Instructional Analysis for Video

Updated on January 13, 2022

The ADDIE model for instructional designers is a familiar framework from which to start the design of a video segment.  In this post, I will focus on the “A” or Analysis phase as it relates to video planning and production. The Analysis phase is an opportunity for you to educate yourself about the content, the audience and the individuals who are important to your audience.  As you conduct your analysis activities, identify interview candidates and topic areas that may be supported by video.  I generally consider the following when conducting analysis research and SME interviews:
  • Who is the audience and with whom do they identify?
  • Who can best tell the story about your content?
  • What person or persons do Learners most respect as subject matter experts or leaders?
  • Will these individuals agree to appear on camera?
  • Where are the individuals physically located?
  • If they are remote, do they travel to your location for meetings or other events?
  • If you plan to conduct interviews with SMEs or Learners to collect other analysis information, is it practical to record a portion of the interview on video?
  • Are there other activities related to the content that would be helpful to show with visual media?  For example equipment operation, people working together and other related scenes.
The answers to these questions will help you determine whether video is helpful to support the instruction.  This information will also help determine if adding video to your project is practical given budget and time limitations.
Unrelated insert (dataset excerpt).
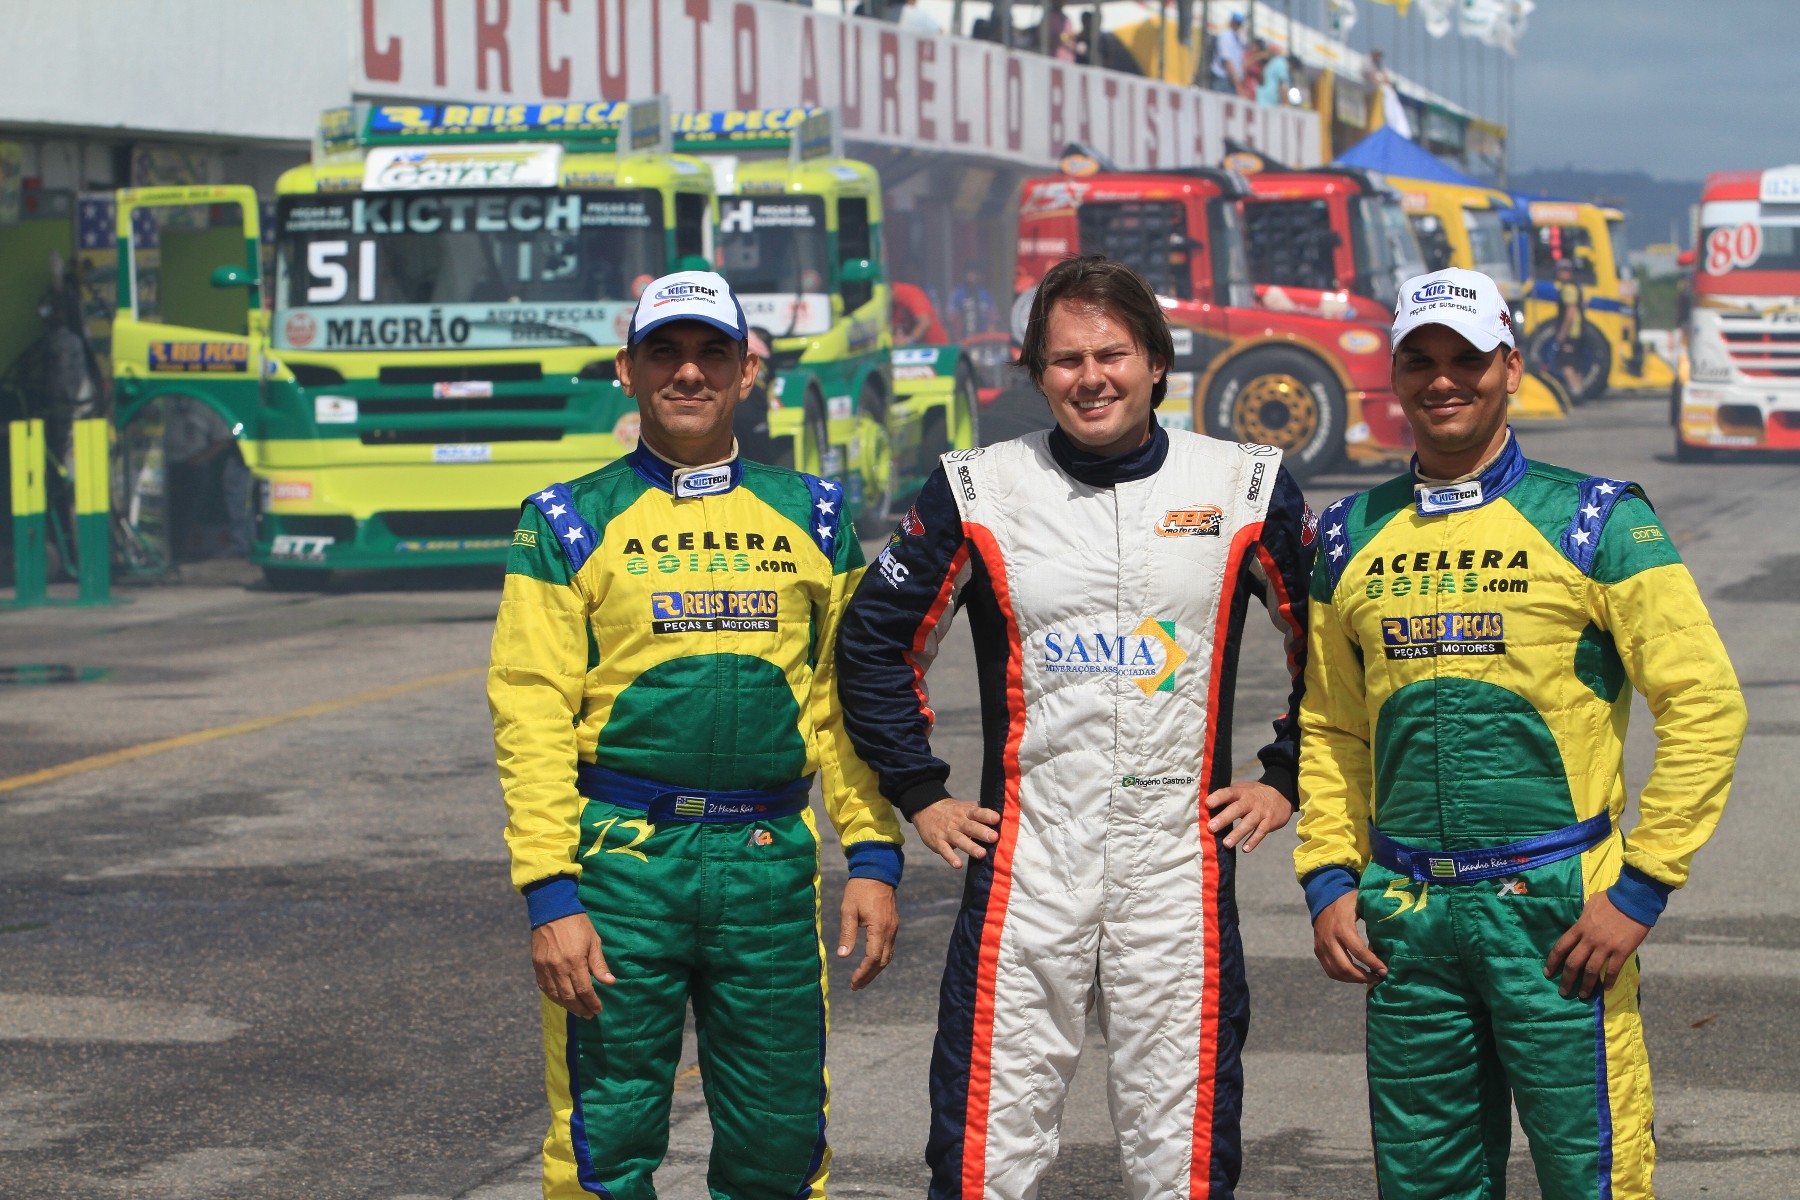 GP Crystal dividirá torcida de Goiânia entre três pilotos na Fórmula Truck

You should also consider the legal implications of shooting and distributing video as part of a training program.  You should have a signed release from each person appearing in your video.  If you are creating a training product for your company, employees of the company may have already given permission for the company to use their likeness for internal video and training products.  Non-employees, however, should sign a “model release” document that you will retain on file. Do not assume that a verbal agreement is adequate.  You may invest many hours of time shooting a video only to find that you don’t have the legal authority to distribute it.   There are several Apps for smart phones and tablet computers that allow you collect a digital signature and then send pdf copies to the talent. I recommend using these apps or a standard release form provided by your legal department.  If you don’t have a legal department, consider using a document from a supplier like LegalZoom.  The forms are relatively simple so you don’t need to hire an attorney. At the end of the Analysis phase, you should have a pretty good idea of “who” and “what” will appear in your video.  You should make this determination based on what will be valued by your audience and learner population.  It may be tempting to choose individuals you know or are easily scheduled.  You may be surprised to find that subject matter experts and Executives are flattered to be in your training video.  Later I will discuss how to minimize fears and ensure that even in experienced subject look and sound good on video.